Encryption & Hashing

What is Encryption?

Encryption is the process of turning data into other data, data which can only be made meaningful if you know how to decrypt it.

When do I use it?

You should encrypt any data your organization has deemed "sensitive", both in transit and at rest.

States of data

Data is generally thought of as having three "states". Just like matter can be a liquid, solid or gas¹, data can be "in transit" (or "in motion"), "in use", or "at rest".

Data "in use" is a reference to data being stored in volatile memory, i.e. RAM. We could extend this metaphor to data displayed and edited in the web browser, but either way it's generally thought of as being the end-user's problem, and there's not much we can do about encrypting it, so we're not going to bother with it much today.

For our purposes, we can think of data "in transit" as being data transmitted from a client (like a browser) to our web server, or the reverse.

Data "at rest" is data stored in non-volatile memory, like in our database.
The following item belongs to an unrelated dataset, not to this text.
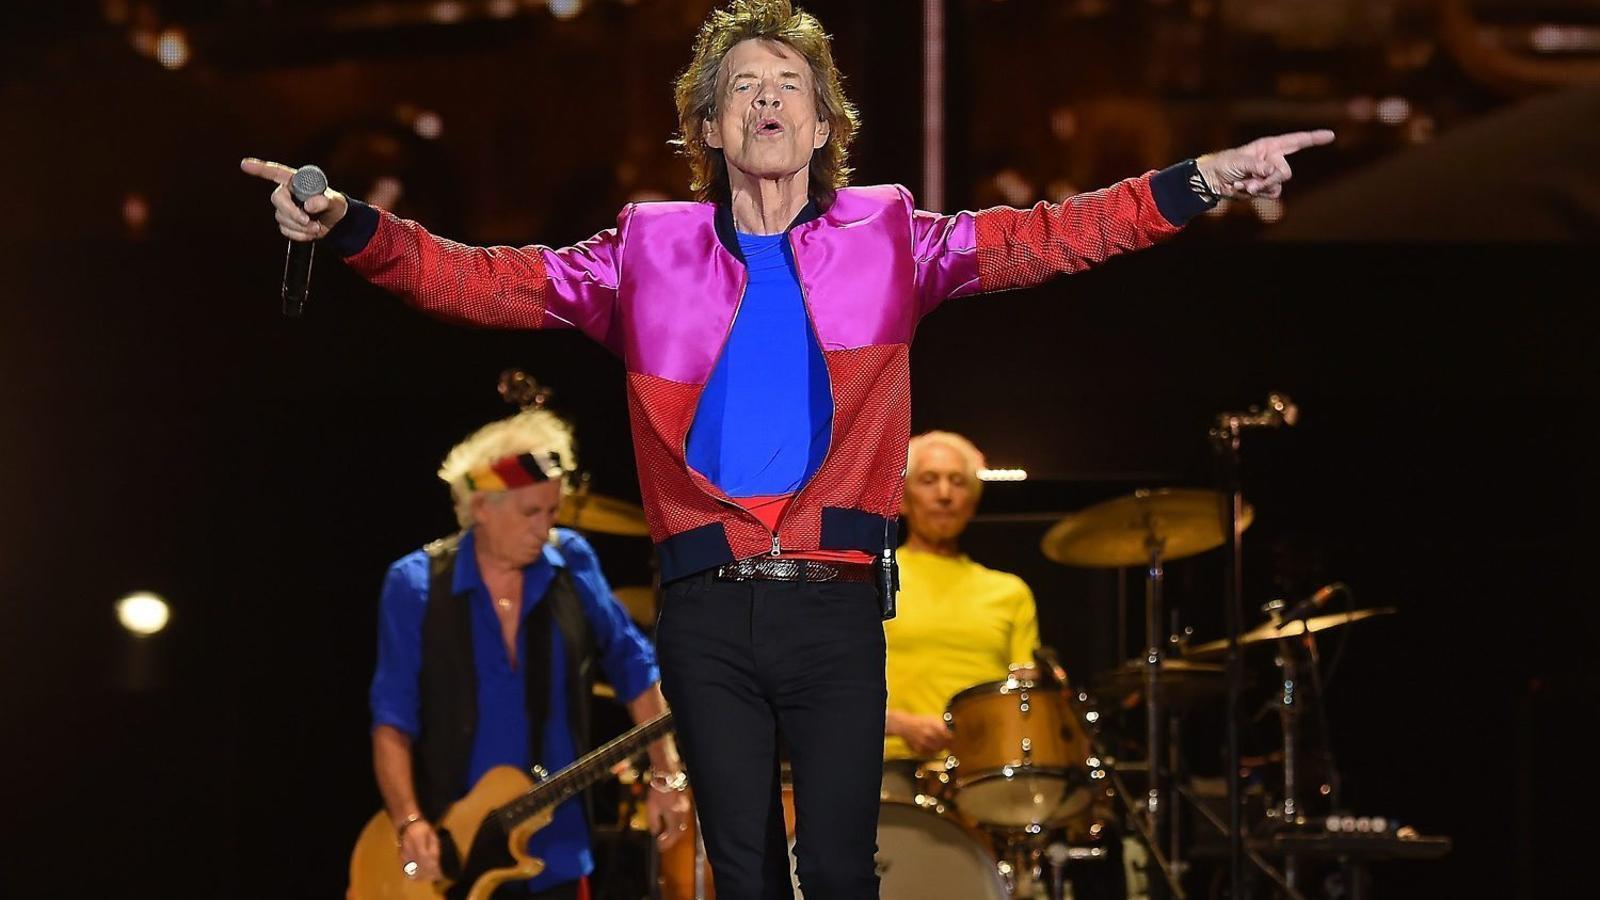 Mick Jagger, pare per vuitè cop als 73 anys

You should think of it as your responsibility to encrypt data that is "in transit" or "at rest".

Encrypting Data in Transit

Great news! We learned how to do this last week, and it's pretty easy.
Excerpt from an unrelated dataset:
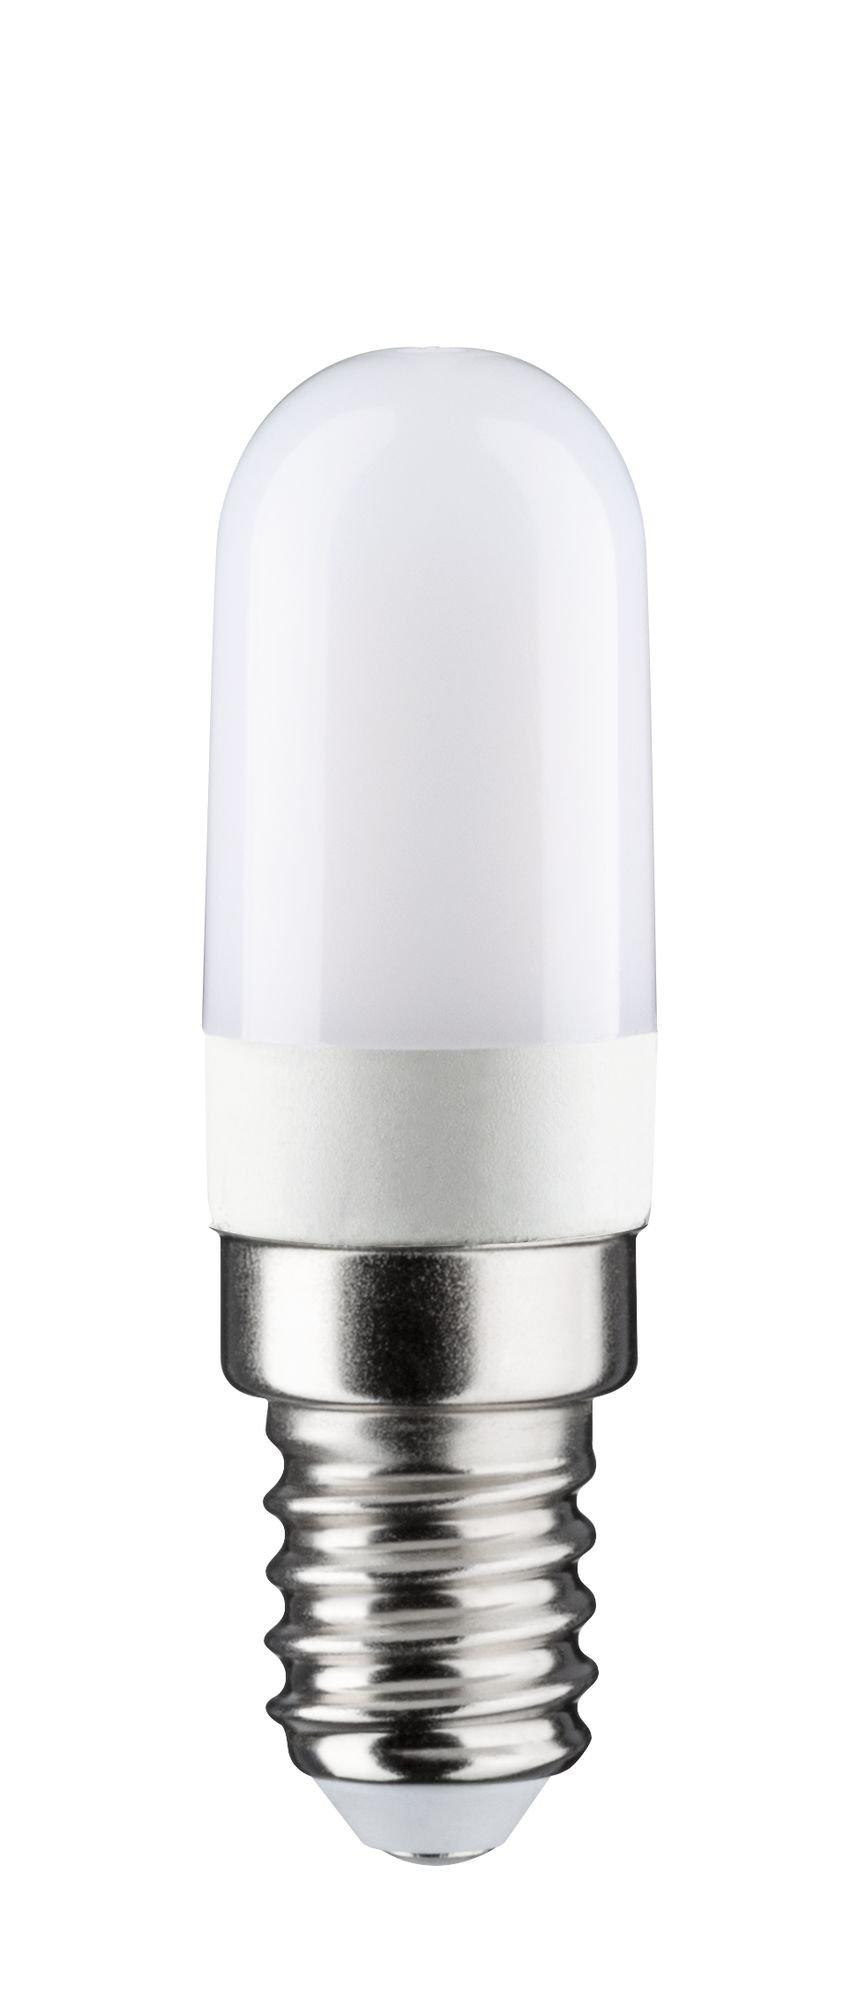 LED Birne E14 230V 50lm 1W 6500K Klar

Get an SSL certificate for your website
Set your Strict-Transport-Security HTTP header to make https mandatory.

Encrypting Data at Rest

Ok, step 1: use an encryption library, not some "roll-your-own" solution.

More on encryption libraries in a moment.

How does encryption work?

Let's take a look at a (very, very simple, and therefore very, very bad) example of encryption:

If you're just reading along in the notes without the accompanying lecture, make sure you check out the comments in the JavaScript.

While in this example, we used a single formula (letter + 1), a proper encryption algorithm would have a different formula every time it encrypts data. To know the formula used to encrypt a particular block of data, you need the "key".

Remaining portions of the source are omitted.